We should look at Canada. It was for this very reason the Quebec separatist bandwagon came to a grinding halt and the press for separation, once as strong as it is in Scotland at present, came to an end. When businesses start pulling out and jobs disappear, the time for fantasising comes to an end and even the most zealous nationalist must stop and think.

Alexander McKay, New Cut Rigg, Edinburgh

Stop moaning

The latest Scotsman has some of the best writing in a newspaper I have seen in a long time. Impeccable English! But, please, Scots, try making up your minds whether you want independence, or not; stop moaning, and give us poor sassenachs some peace.

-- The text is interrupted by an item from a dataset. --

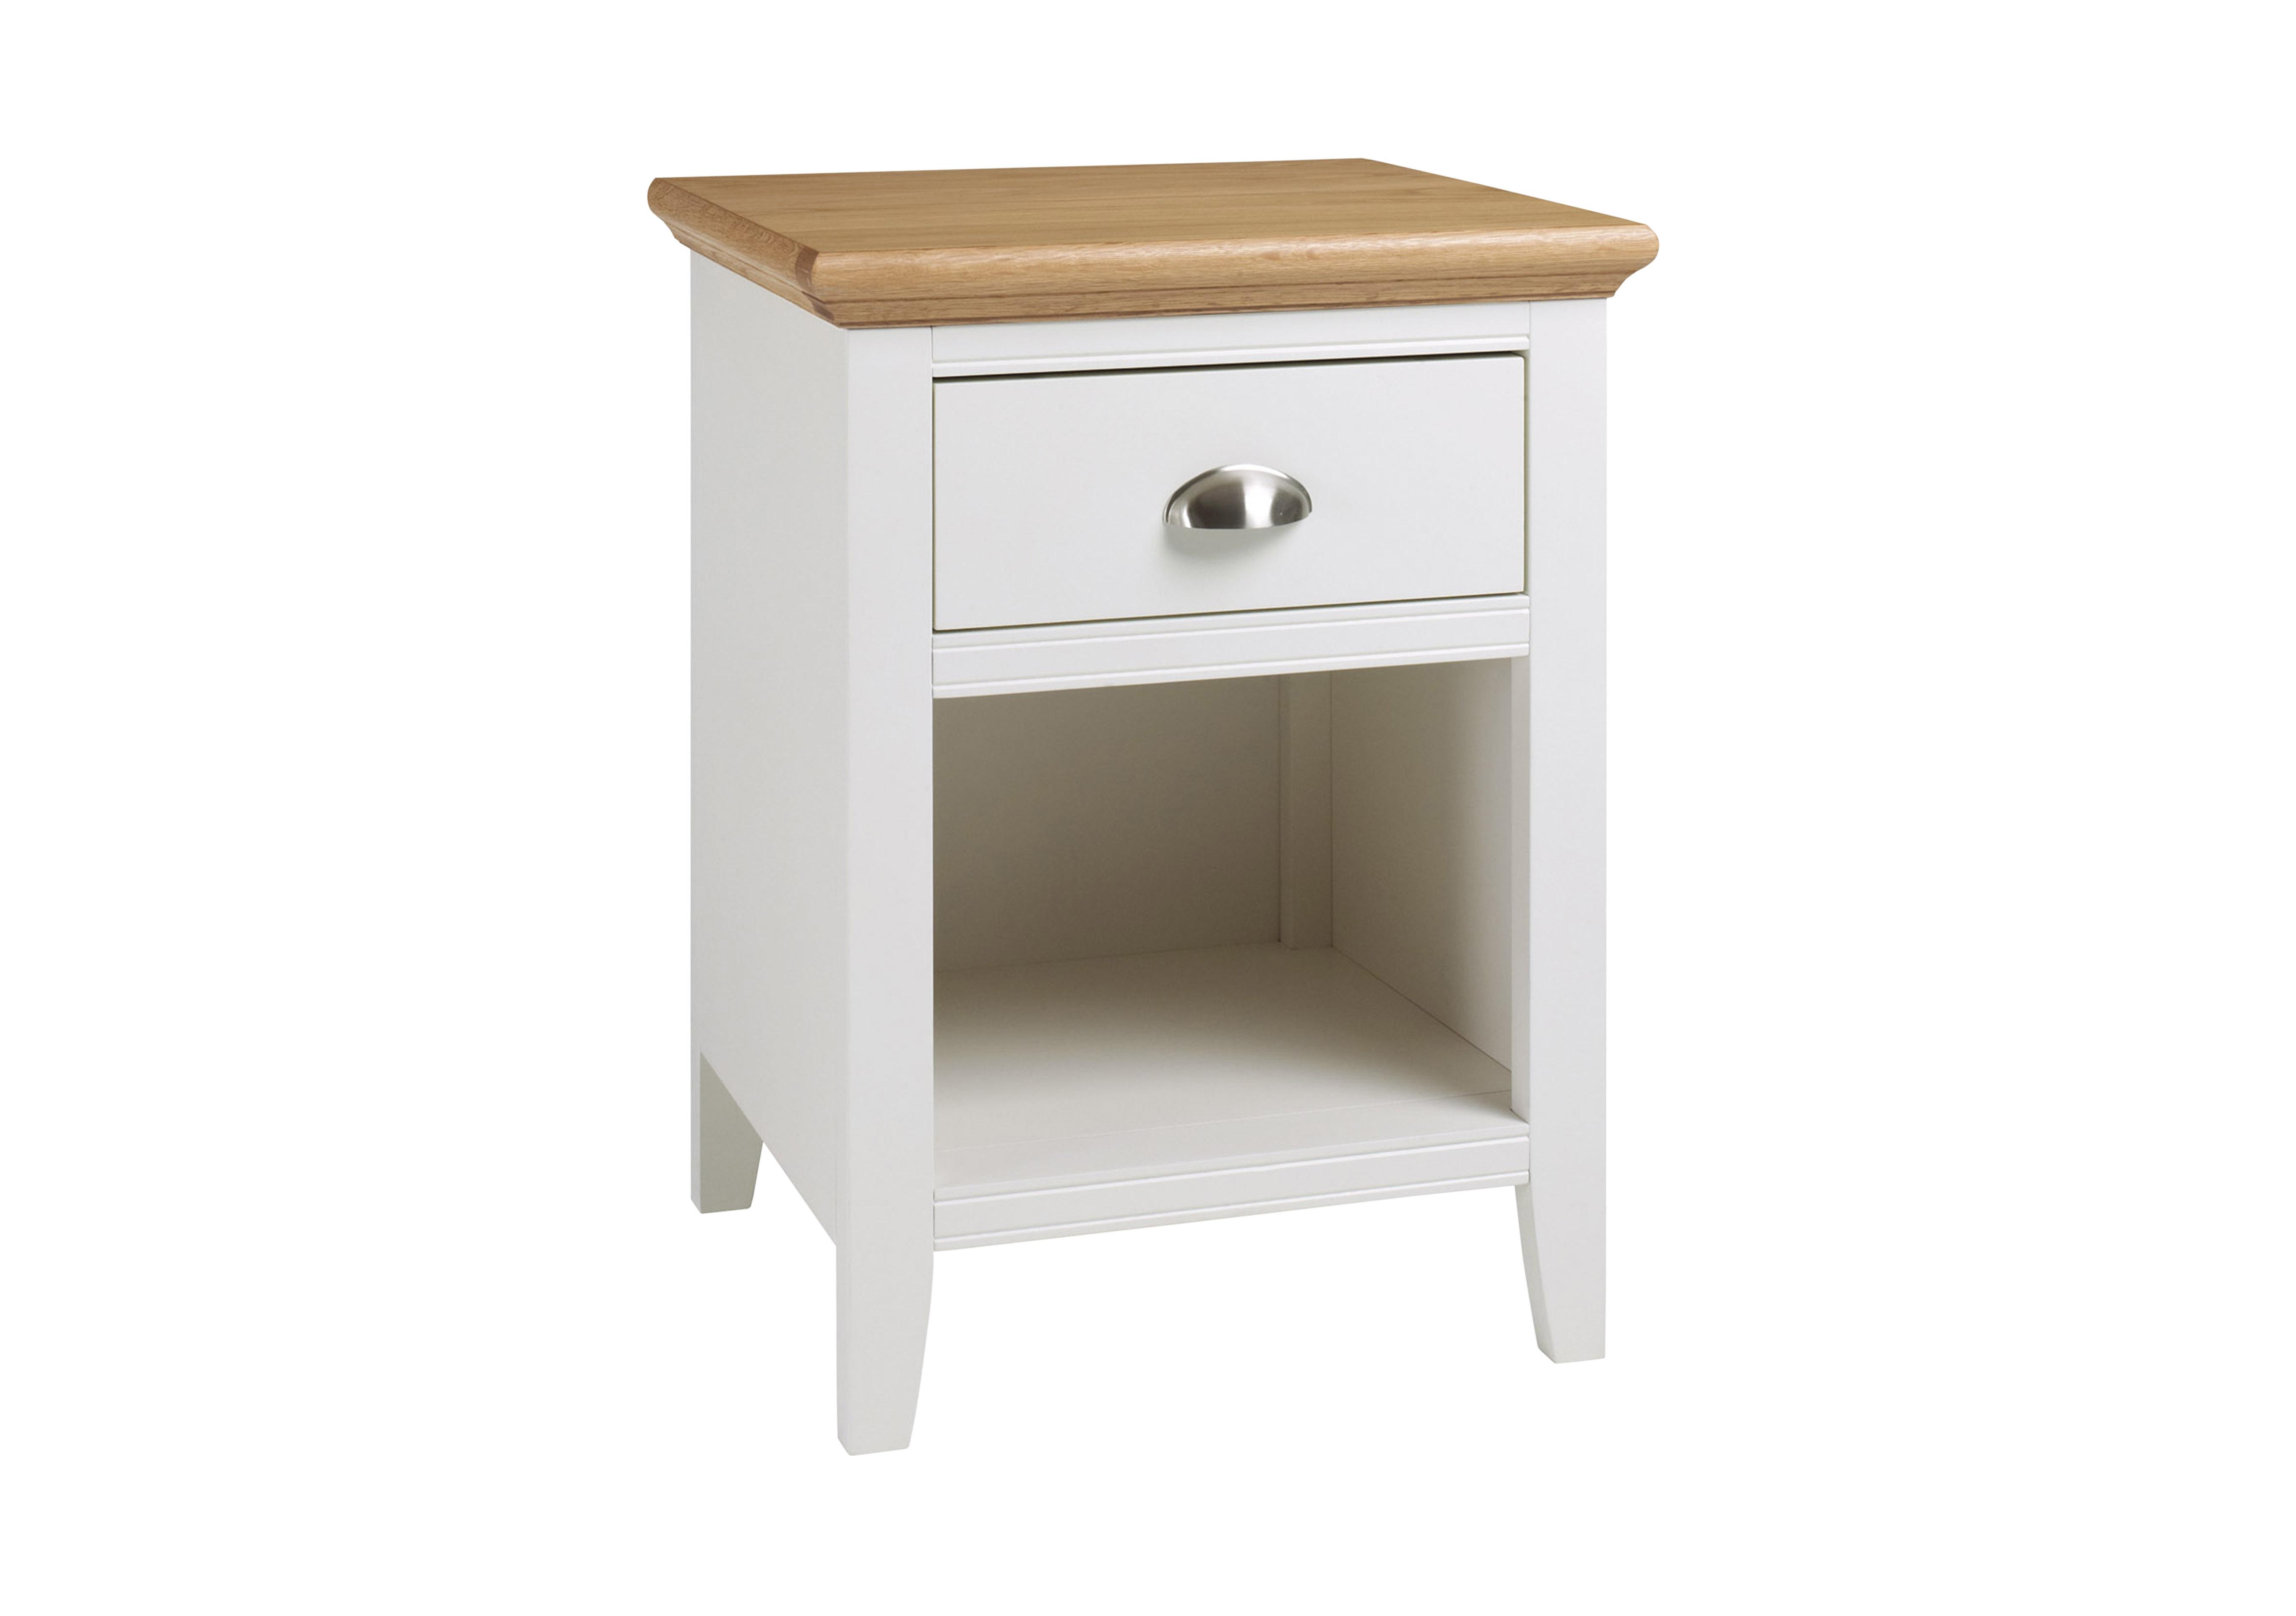 Emily 1 Drawer Nightstand in Ivory And Oak on Furniture Village

Alexander Robinson, Sawston, East Anglia

Free us to fly

Bill Cooper (13 May) is right to protest at the lack of information for travel abroad. Let us hope the Scottish Government is at last sticking to the four-nation travel-light system. Unlike him we do not have relatives abroad but experienced the sad death of a dear friend in the tiny French village where we holiday, and as Ryanair start flying again I have booked to go in early June. But when I telephoned the local health centre where my wife and I had our double vaccinations to ask for verification of this I was told “we are awaiting instructions from the government”. Let us hope for an early announcement including whether Scottish airports are like those down south equipped with testing facilities.

David Steel, Selkirk

Klingon to power

I find it odd that some MSPs are taking the oath to the Queen in non-English languages when almost 100 per cent of Scots speak English as a first (in most cases, only) language. Who is this aimed at? Certainly not the vast majority of Scots these members represent. Well, I'm a Trekkie and demand representation too. Why not go all out and do the oath in Klingon? Hab SoSlI' Quch!